Built-in: MaskPlaceholderFactory. Tag PreservesShape. The middleware refuses it for the same reason as PreservesLabel: an ambiguous placeholder cannot be deanonymised through string replacement.

Preservation tags¶

Every factory carries a phantom type that summarises the preservation level of its placeholders. The type-checker reads this tag to validate a factory against its consumers.

Identity of each family.

Family	Example	Tag
No information	`<<REDACT>>`	`PreservesNothing`
Id only	`<<REDACT:a1b2c3d4>>`	`PreservesIdentityOnly`
Type only	`<<PERSON>>`	`PreservesLabel`
Type + id (opaque)	`<<PERSON:1>>`, `<<PERSON:a1b2c3d4>>`	`PreservesLabeledIdentityOpaque`
Type + id (realistic hashed)	`a1b2c3d4@anonymized.local`, `Patient_a1b2c3d4`	`PreservesLabeledIdentityHashed`
Type + id (Faker)	`john.doe@example.com`, `Jean Dupont`	`PreservesLabeledIdentityFaker`
Type + partial value	`j*@mail.com`, `**4567`	`PreservesShape`

Two angles, two tables. Confidentiality: what leaks to the LLM (attacker / privacy point of view). Exploitation: what the agent and the system can do with the placeholder (functional capabilities point of view). The same answer can be good in one and problematic in the other; this is exactly the tension we make explicit.

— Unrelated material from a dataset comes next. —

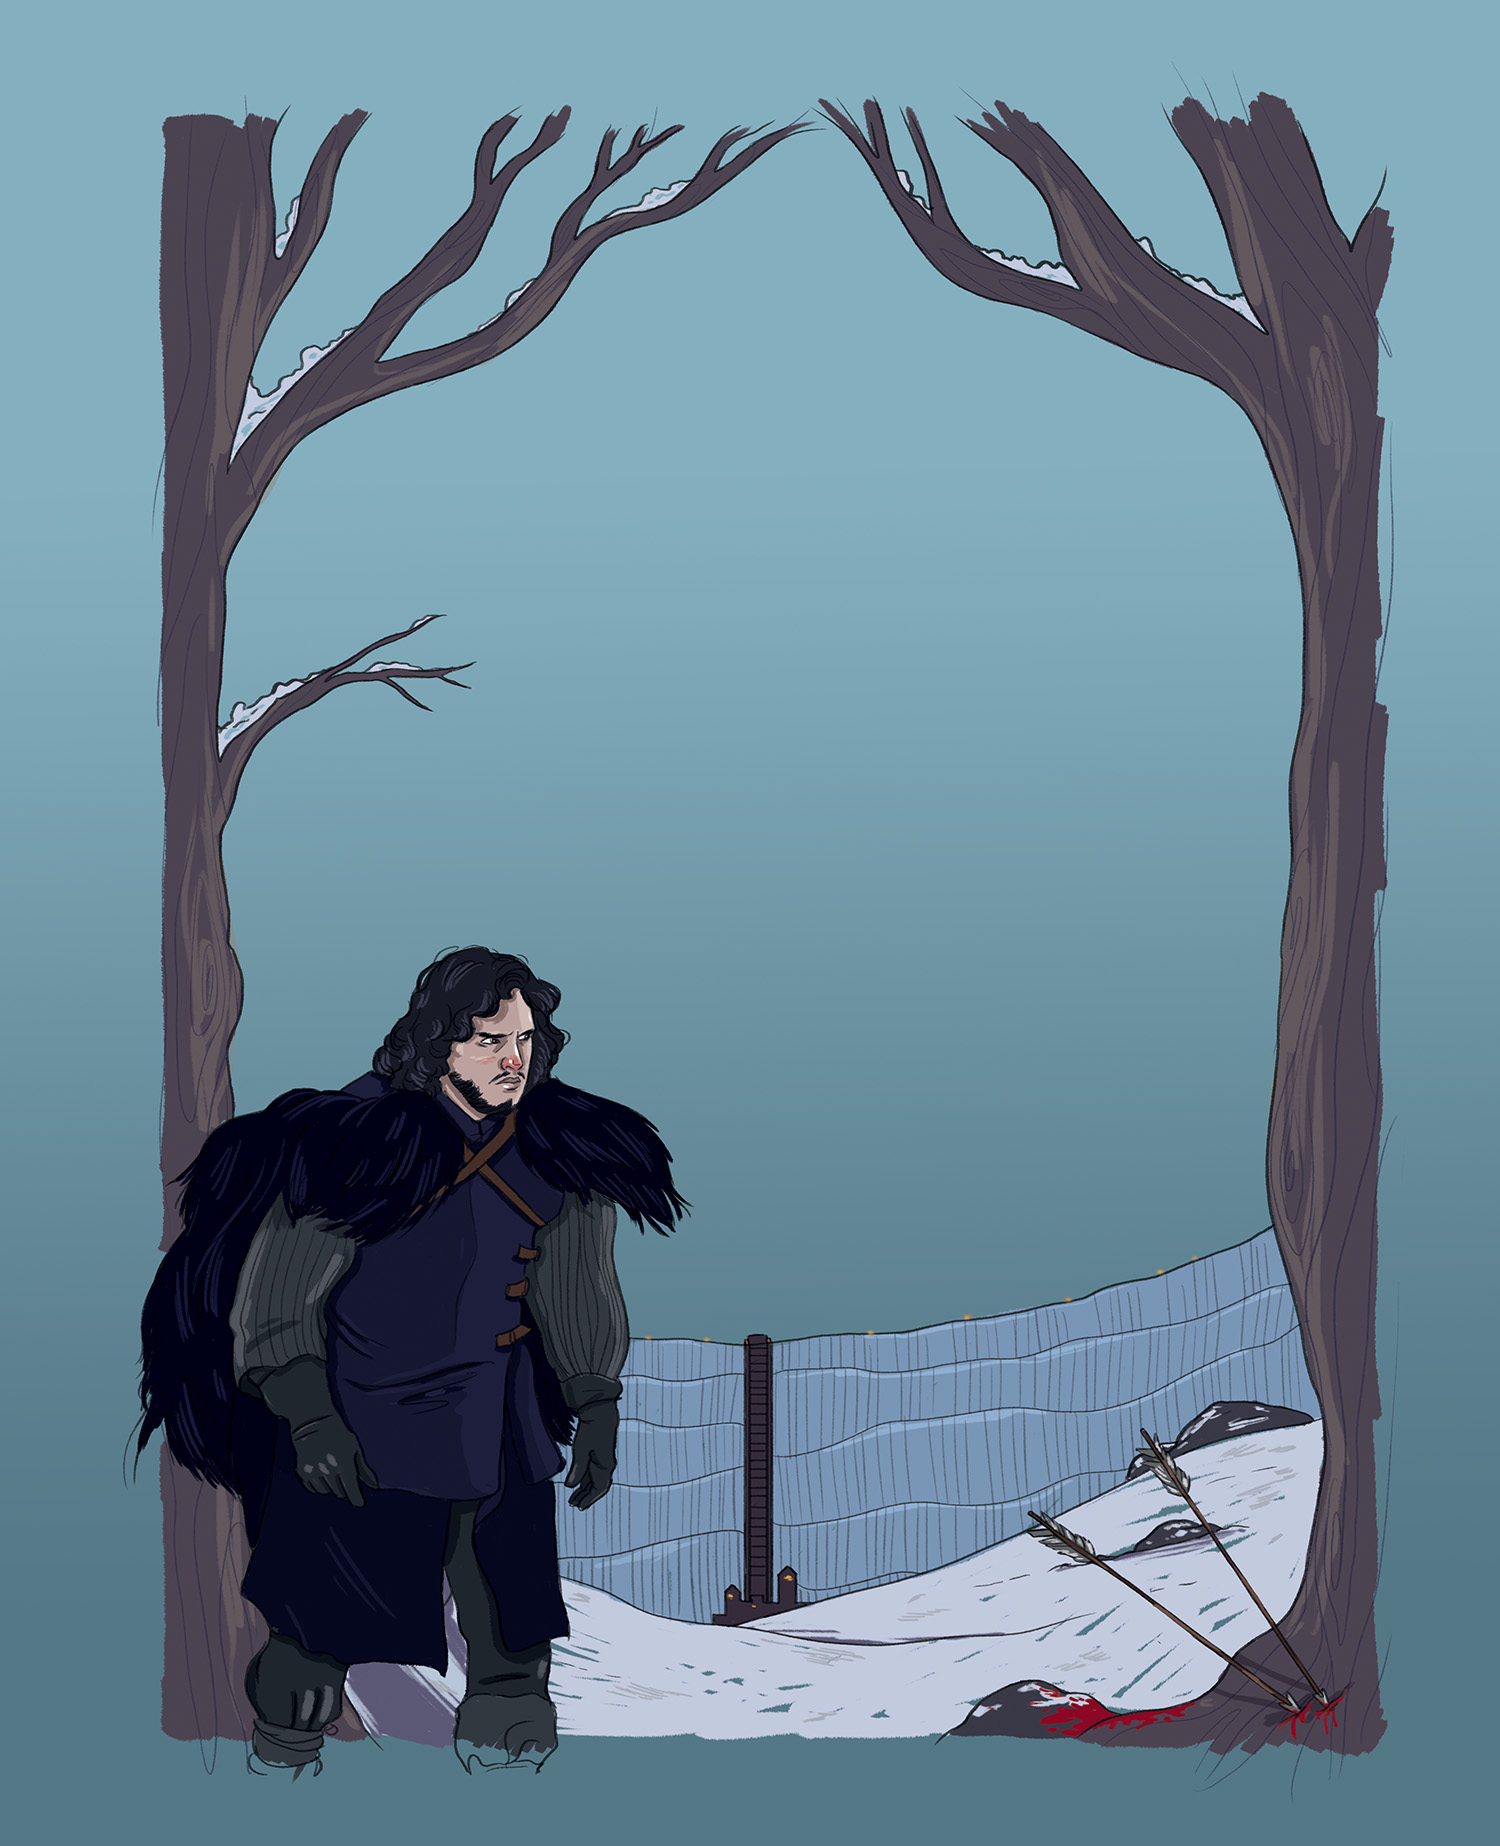  I actually had a column for a short time in the Capilano Courier, covering geek news. This was a full-page illustration that featured Jon Snow from Game of Thrones.

Shared colour code: blue = best, green = acceptable, yellow = partial, red = problematic.

Confidentiality (what leaks to the LLM)¶

Family	Type seen?	PIIs distinguished?	Real-value leak?	Collision with a real value?
No information	no	no	none	no
Id only	no	yes	none	no
Type only	yes	no	none	no
Type + id (opaque)	yes	yes	none	no
Type + id (realistic hashed)	yes	yes	none	no
Type + id (Faker)	yes	yes	none	risk
Type + partial value	yes	yes	partial	risk

Exploitation by the LLM and the agent¶

Family	Reason about the type	Track cross-references	Reversible at the tool boundary	Stable across messages
No information	no	no	no	no
Id only	no	yes	yes	yes
Type only	yes	no	no	partial
Type + id (opaque)	yes	yes	yes	yes
Type + id (realistic hashed)	yes	yes	yes	yes
Type + id (Faker)	yes	yes	yes	yes
Type + partial value	yes	mostly	yes (collisions)	yes (collisions)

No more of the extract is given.